## TASK PROMPT:
Repeat the data below exactly, with every entry included.

## THE RECORDS:

::::::

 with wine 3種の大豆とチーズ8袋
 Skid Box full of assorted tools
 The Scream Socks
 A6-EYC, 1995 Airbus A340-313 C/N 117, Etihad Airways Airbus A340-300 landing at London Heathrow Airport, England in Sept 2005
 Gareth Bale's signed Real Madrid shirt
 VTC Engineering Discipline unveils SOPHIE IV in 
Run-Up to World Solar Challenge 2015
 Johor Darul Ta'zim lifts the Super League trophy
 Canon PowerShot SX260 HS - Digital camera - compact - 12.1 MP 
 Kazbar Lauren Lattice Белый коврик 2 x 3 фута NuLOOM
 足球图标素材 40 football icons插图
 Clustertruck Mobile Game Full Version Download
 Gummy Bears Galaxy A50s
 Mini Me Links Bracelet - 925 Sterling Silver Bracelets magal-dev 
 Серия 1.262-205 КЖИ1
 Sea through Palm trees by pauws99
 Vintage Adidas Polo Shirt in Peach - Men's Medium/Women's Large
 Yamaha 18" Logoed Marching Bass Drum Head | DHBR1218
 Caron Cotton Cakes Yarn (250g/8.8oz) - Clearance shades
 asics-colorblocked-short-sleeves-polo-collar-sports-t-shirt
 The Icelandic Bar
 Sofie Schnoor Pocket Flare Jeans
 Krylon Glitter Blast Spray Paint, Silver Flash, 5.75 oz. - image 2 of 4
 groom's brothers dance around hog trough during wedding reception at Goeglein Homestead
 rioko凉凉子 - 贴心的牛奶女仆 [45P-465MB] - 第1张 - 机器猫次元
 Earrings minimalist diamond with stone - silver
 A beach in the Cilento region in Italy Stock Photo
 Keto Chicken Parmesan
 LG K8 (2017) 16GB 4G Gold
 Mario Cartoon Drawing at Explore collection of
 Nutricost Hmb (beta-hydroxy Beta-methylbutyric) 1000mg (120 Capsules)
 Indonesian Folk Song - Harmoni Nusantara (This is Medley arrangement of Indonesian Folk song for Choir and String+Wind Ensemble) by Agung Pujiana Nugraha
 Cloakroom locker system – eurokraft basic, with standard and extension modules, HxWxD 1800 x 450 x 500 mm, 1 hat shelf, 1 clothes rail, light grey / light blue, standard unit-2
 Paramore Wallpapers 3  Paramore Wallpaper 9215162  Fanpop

::::::

## ANSWER BOX:
 with wine 3種の大豆とチーズ8袋
 Skid Box full of assorted tools
 The Scream Socks
 A6-EYC, 1995 Airbus A340-313 C/N 117, Etihad Airways Airbus A340-300 landing at London Heathrow Airport, England in Sept 2005
 Gareth Bale's signed Real Madrid shirt
 VTC Engineering Discipline unveils SOPHIE IV in 
Run-Up to World Solar Challenge 2015
 Johor Darul Ta'zim lifts the Super League trophy
 Canon PowerShot SX260 HS - Digital camera - compact - 12.1 MP 
 Kazbar Lauren Lattice Белый коврик 2 x 3 фута NuLOOM
 足球图标素材 40 football icons插图
 Clustertruck Mobile Game Full Version Download
 Gummy Bears Galaxy A50s
 Mini Me Links Bracelet - 925 Sterling Silver Bracelets magal-dev 
 Серия 1.262-205 КЖИ1
 Sea through Palm trees by pauws99
 Vintage Adidas Polo Shirt in Peach - Men's Medium/Women's Large
 Yamaha 18" Logoed Marching Bass Drum Head | DHBR1218
 Caron Cotton Cakes Yarn (250g/8.8oz) - Clearance shades
 asics-colorblocked-short-sleeves-polo-collar-sports-t-shirt
 The Icelandic Bar
 Sofie Schnoor Pocket Flare Jeans
 Krylon Glitter Blast Spray Paint, Silver Flash, 5.75 oz. - image 2 of 4
 groom's brothers dance around hog trough during wedding reception at Goeglein Homestead
 rioko凉凉子 - 贴心的牛奶女仆 [45P-465MB] - 第1张 - 机器猫次元
 Earrings minimalist diamond with stone - silver
 A beach in the Cilento region in Italy Stock Photo
 Keto Chicken Parmesan
 LG K8 (2017) 16GB 4G Gold
 Mario Cartoon Drawing at Explore collection of
 Nutricost Hmb (beta-hydroxy Beta-methylbutyric) 1000mg (120 Capsules)
 Indonesian Folk Song - Harmoni Nusantara (This is Medley arrangement of Indonesian Folk song for Choir and String+Wind Ensemble) by Agung Pujiana Nugraha
 Cloakroom locker system – eurokraft basic, with standard and extension modules, HxWxD 1800 x 450 x 500 mm, 1 hat shelf, 1 clothes rail, light grey / light blue, standard unit-2
 Paramore Wallpapers 3  Paramore Wallpaper 9215162  Fanpop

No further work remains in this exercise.